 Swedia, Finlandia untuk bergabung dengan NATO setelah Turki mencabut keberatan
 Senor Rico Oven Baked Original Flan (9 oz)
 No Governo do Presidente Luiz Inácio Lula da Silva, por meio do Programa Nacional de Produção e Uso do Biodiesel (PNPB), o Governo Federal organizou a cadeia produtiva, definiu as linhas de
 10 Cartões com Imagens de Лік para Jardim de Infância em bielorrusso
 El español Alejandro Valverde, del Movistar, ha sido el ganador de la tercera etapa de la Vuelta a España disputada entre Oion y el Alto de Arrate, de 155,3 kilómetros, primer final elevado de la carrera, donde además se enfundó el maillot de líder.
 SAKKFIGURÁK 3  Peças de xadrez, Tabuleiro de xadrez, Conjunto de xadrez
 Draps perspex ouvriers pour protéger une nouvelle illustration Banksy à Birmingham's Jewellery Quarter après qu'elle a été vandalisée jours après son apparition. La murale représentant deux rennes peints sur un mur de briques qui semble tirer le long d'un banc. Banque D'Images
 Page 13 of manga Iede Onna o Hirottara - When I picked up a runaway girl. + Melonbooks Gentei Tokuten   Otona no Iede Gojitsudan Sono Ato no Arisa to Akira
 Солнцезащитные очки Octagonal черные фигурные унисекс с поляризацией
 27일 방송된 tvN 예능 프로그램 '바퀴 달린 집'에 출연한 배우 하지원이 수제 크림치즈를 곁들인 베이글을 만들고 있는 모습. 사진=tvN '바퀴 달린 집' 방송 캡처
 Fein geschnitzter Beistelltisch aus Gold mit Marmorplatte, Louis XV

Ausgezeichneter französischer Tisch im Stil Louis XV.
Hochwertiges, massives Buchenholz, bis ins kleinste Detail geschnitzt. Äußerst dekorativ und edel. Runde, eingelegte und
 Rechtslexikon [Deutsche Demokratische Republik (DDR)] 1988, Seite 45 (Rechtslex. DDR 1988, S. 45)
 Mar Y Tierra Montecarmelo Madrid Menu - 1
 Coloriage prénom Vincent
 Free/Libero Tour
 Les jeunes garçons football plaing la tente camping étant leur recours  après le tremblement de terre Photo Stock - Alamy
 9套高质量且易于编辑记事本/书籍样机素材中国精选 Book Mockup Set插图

→ Work task: Beginning with the line containing "Senor Rico Oven Baked Original Flan (9 oz)" and ending with the line containing "Draps perspex ouvriers", extract those lines exactly from the listing above, and only those.

→ Written answer:
 Senor Rico Oven Baked Original Flan (9 oz)
 No Governo do Presidente Luiz Inácio Lula da Silva, por meio do Programa Nacional de Produção e Uso do Biodiesel (PNPB), o Governo Federal organizou a cadeia produtiva, definiu as linhas de
 10 Cartões com Imagens de Лік para Jardim de Infância em bielorrusso
 El español Alejandro Valverde, del Movistar, ha sido el ganador de la tercera etapa de la Vuelta a España disputada entre Oion y el Alto de Arrate, de 155,3 kilómetros, primer final elevado de la carrera, donde además se enfundó el maillot de líder.
 SAKKFIGURÁK 3  Peças de xadrez, Tabuleiro de xadrez, Conjunto de xadrez
 Draps perspex ouvriers pour protéger une nouvelle illustration Banksy à Birmingham's Jewellery Quarter après qu'elle a été vandalisée jours après son apparition. La murale représentant deux rennes peints sur un mur de briques qui semble tirer le long d'un banc. Banque D'Images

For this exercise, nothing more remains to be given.